The company Complete Formations Ltd writes

Companies with One Director
Prior to the 1st October 2009 (when certain provision of the Companies Act 2006 were introduced) if when forming a company, there was be only one director (single director companies as they are known), then that same person could not also then be the secretary. In this case another person or company would have been required to fill the role of secretary.

More than One Director
Again before the inception of the Companies Act 2006 regulations, where there was to be more than one company director, one of these persons could then also act as the company secretary.


The Institute of Directors writes:

Formal duties
According to the July 2018 UK Corporate Governance Code, “All directors should have access to the advice of the company secretary, who is responsible for advising the board on all governance matters.
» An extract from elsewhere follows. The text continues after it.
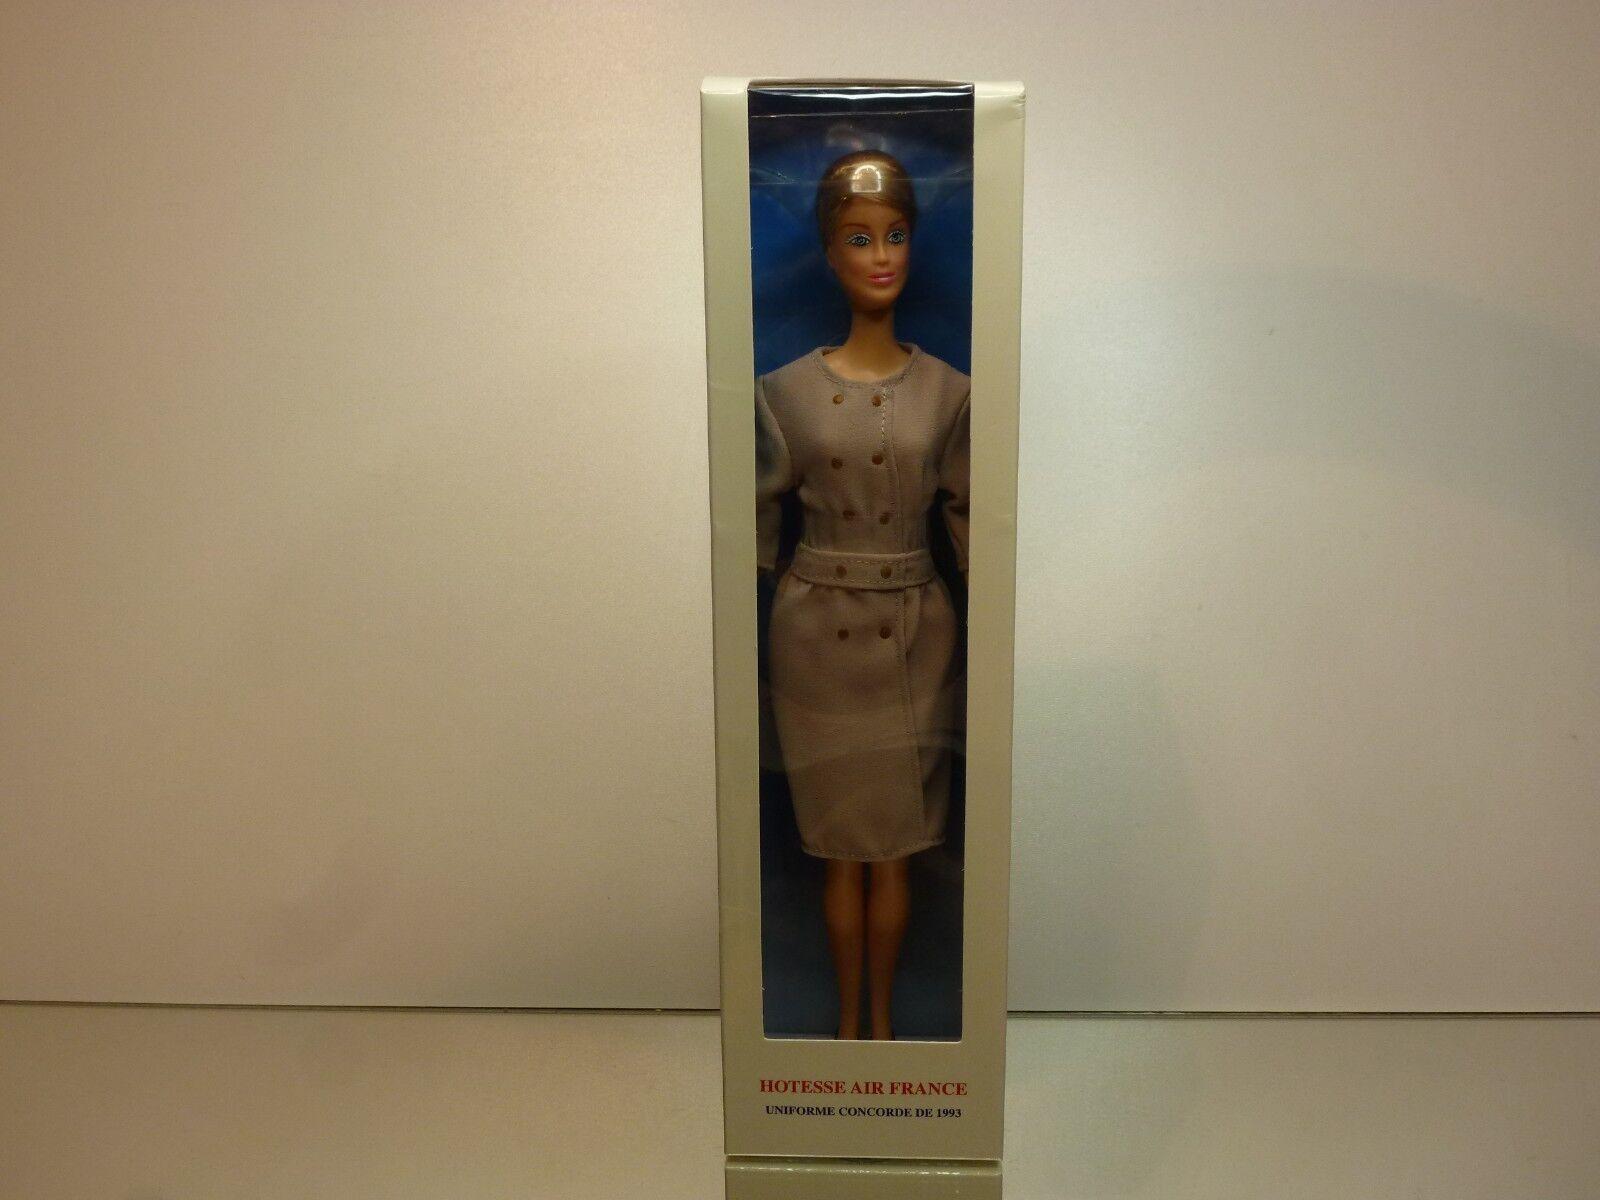 NOREV DOLL  HOTESSE AIR FRANCE UNIFORME CONCORDE 1993 - RARE - UNUSED IN  BOX

Both the appointment and removal of the company secretary should be a matter for the whole board.”

This means that if there is only one director, it would be impossible for them to consult the company secretary, being one and the same person. The page goes on to say (quoting the Cadbury Report 1993)

The company secretary has a key role to play in ensuring that board procedures are both followed and regularly reviewed. The chairman and the board will look to the company secretary for guidance on what their responsibilities are under the rules and regulations to which they are subject and on how these responsibilities should be discharged. All directors should have access to the advice and services of the company secretary and should recognise that the chairman is entitled to strong support from the company secretary in ensuring the effective functioning of the board.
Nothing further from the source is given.